Rejecting the mother’s claim to sole custody Justice Debbie Ong noted that there will be many ‘forks’ in life ahead, thus “better it is that N enjoys the full support and guidance of both his parents throughout the course of his childhood”.
She exhorted both parents to “consult each other on matters of importance, including those relating to the permanent immigration status and the education of N. Each parent should consider with an open mind the inputs of the other, to reach the best decisions for N.”
“Bigger, Kinder, Wiser” Children’s Sake
The “golden thread” that runs through “all proceedings directly affecting the interests of children”, our courts have emphasised, is that “the welfare of the child is paramount and this principle ought to override any other consideration”. Yet, when the parents’ marital relationship breaks down, the child “is inevitably the unseen and unheard victim”.
Our courts have thus made considerable effort to preserve the involvement of both parents in the lives of their children notwithstanding the acrimony, animosity and outright hostility of some divorcing couples.
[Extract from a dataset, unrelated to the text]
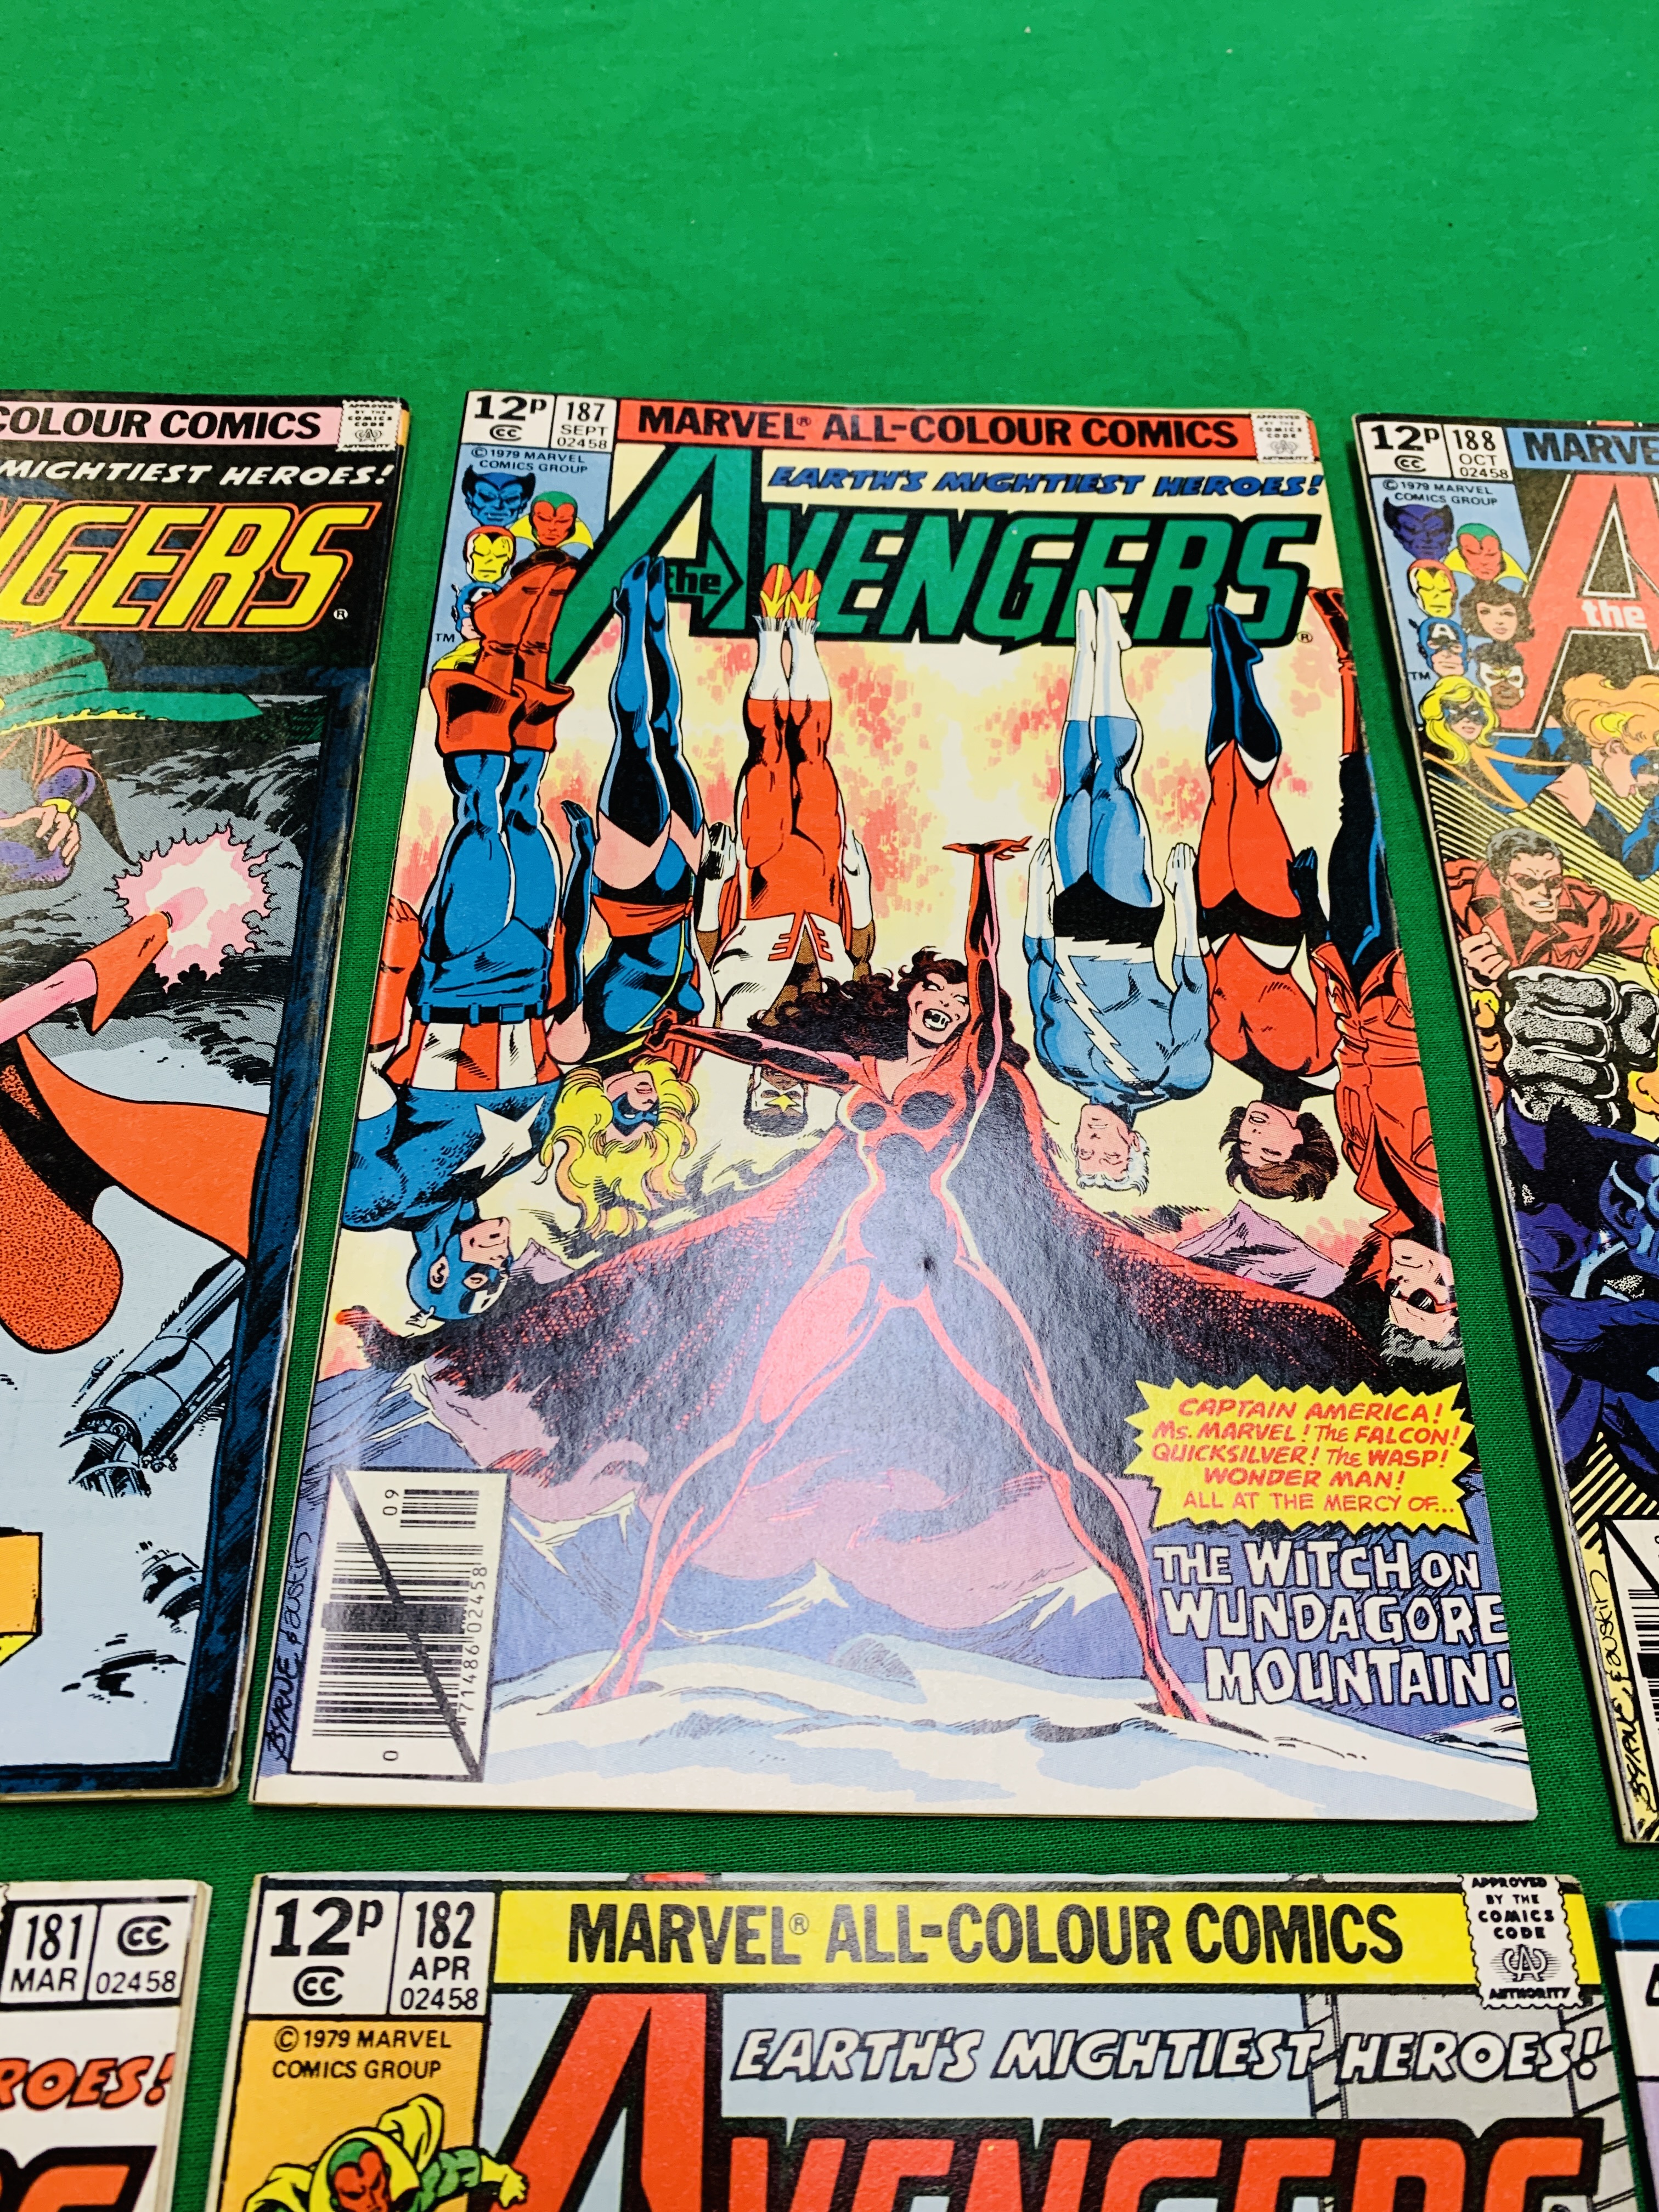 MARVEL COMICS THE AVENGERS NO. 101 - 299, MISSING ISSUES 103 AND 110. - Image 66 of 130

Oftentimes, it has mandated counselling, encouraged them to set aside their differences, and called upon parents to exercise “personal responsibility” to “be the best they can be for the sake of their children – bigger, kinder, wiser”.
These are laudable efforts within the courtroom, but the ball ultimately rests in the court – metaphorically speaking – of individuals themselves, and of our wider society as a whole. Are we all prepared to be “bigger, kinder and wiser” for the sake of children?